I will tell you today a tale about a fool. And he is a fool (me, beige) because he did not follow one simple truth:

The famous laziness of a programmer is that instead of extra gestures (whether they are machine or machine), it is better to think and find a more elegant and simpler solution.


And it will talk about how the fool tried to teach how to find the position of the camera in space.
')


A tip



I had to write a programming project at the end of my second year. I decided, as usual, to hunt for a freebie and join some group at the end of the year. Did not work out. I agreed with the dean's office and prep about the delivery of the project at the end of August and quietly left to teach children about art. Returning to Nerizinovaya, I realized that I had essentially two weeks left. Since then, almost all the time I was sitting in a coffee shop and doing quite a pleasant coding. The essence of the project was to determine the spatial position of the ends of the fingers with the help of two webcams in real time.

It is clear that each pixel in the image from the camera in space corresponds to a ray in space. Two cameras - suddenly two beams intersecting at the point of interest. In theory, everything is simple. In practice, I screwed the OpenCV library to MSVS at night, and then a week and a half created various image processing algorithms, quickly wrote a simple 3D viewer, compiled two cameras together and debugged, debugged, debugged ... At that time, I set the basis in space easily - put cameras on one line, directed them "approximately upwards" and considered the distance between the cameras as 1000 units.

In general, everything was almost ready. The cameras individually knew how to catch a single finger, and with good accuracy, all the math functions of the recalculation were calculated, even a feature was written that allowed to have almost any fixed background, not black. But something was wrong - a point in space made freakish somersaults with an amplitude of about a centimeter when moving by hand. Trouble And then I realized that the waitress three hours ago just slightly touched the camera.

image

Staging



I sighed and realized that I would have to write a function that determines the position and orientation of the camera itself. The camera’s view area is ideally an infinite quadrangular pyramid with a rectangle at the base. It is fully defined by eight values: 3 coordinates of the vertex, 2 coordinates of the direction vector (pyramid bisectors, axes), 1 - rotation around the axis, and 2 more - angular width of the review.

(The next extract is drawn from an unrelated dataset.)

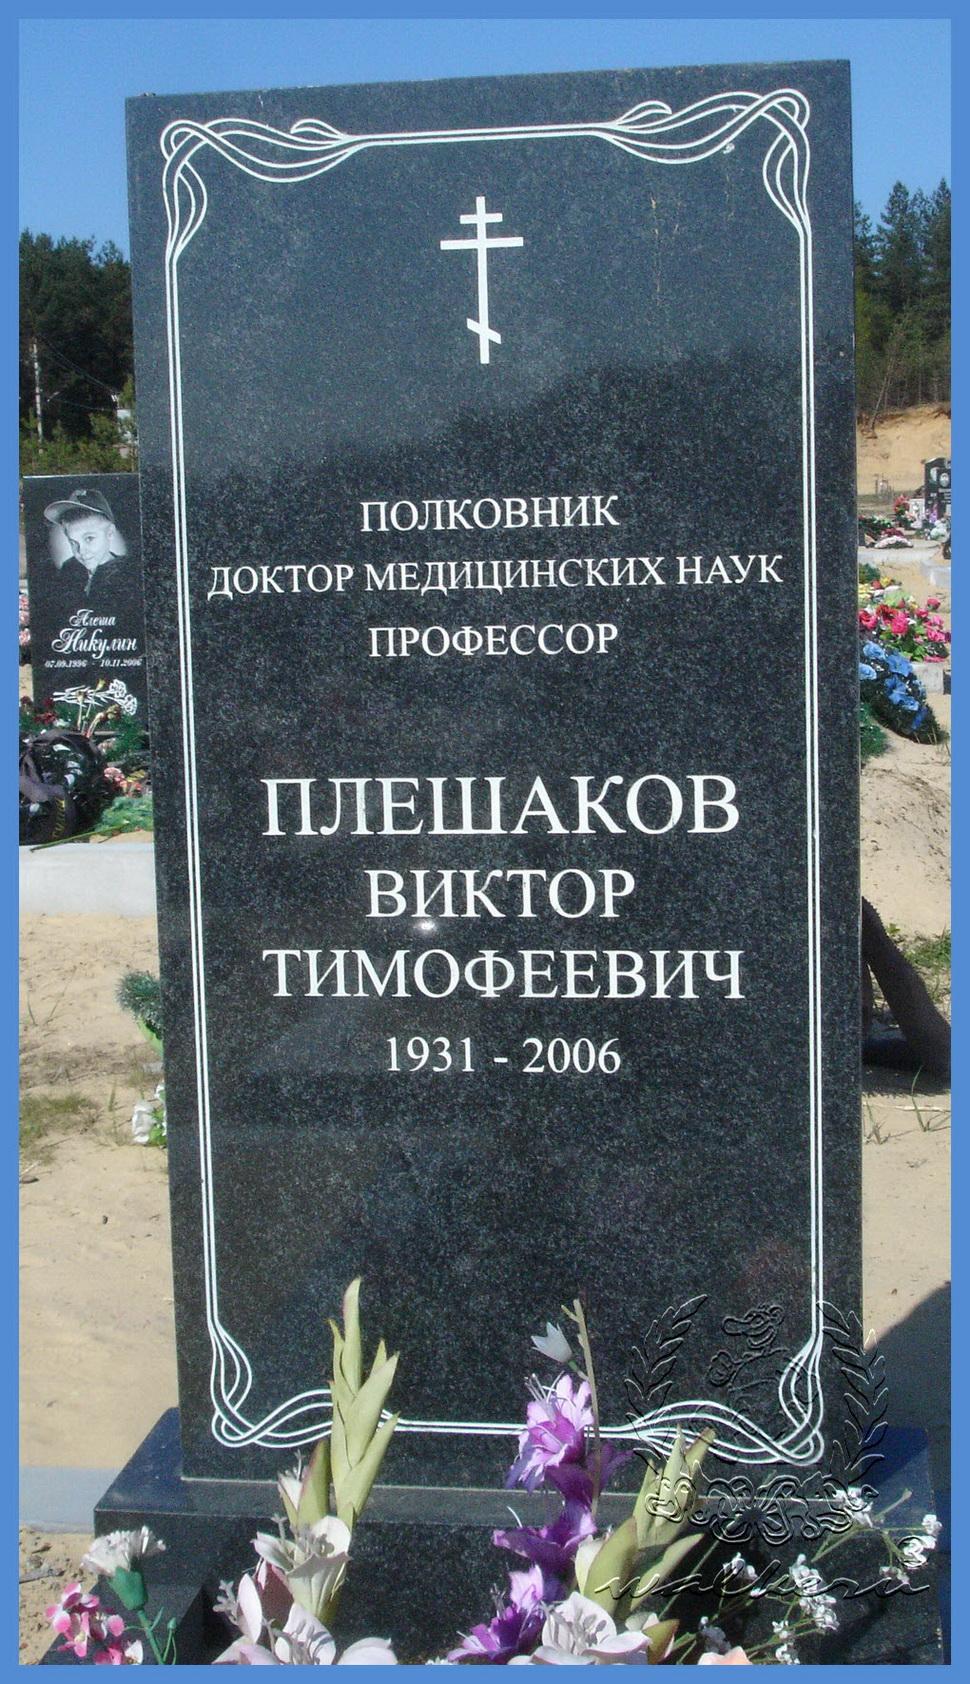 Плешаков Виктор Тимофеевич

The last two coordinates are initially known - google the angle of the camera diagonally and solve the simplest geometric problem. Turn around the axis - it is clear that, but may vary depending on the position of the camera. The coordinates of the direction vector are two, for it can be specified as the end of a vector of a certain length (3 coordinates) and one unknown is removed from the equation x ^ 2 + y ^ 2 + z ^ 2 = l ^ 2. Well, the three coordinates of the vertex are understandable. So we need to calculate 6 values.

"ABOUT! I need a triangle! ”I exclaimed. 3 points, and from each image we get 2 numbers. Total plan - we put some isosceles right triangle in space and say that its coordinates are (100, 0, 0), (0, 0, 0) and (0, 100, 0). Further we mark on the image from the camera the vertices of this triangle and all that remains to be done is to substitute the values ​​into a simple formula. Well, I thought so anyway.

But it was not there. I killed 4 hours to find this formula using conventional methods of exact mathematics, connected two of my best school math friends to the search for a solution, began to type the address of Wolframalf faster than the password, but all I got was that the exact solution exists, but after finding it i know zen.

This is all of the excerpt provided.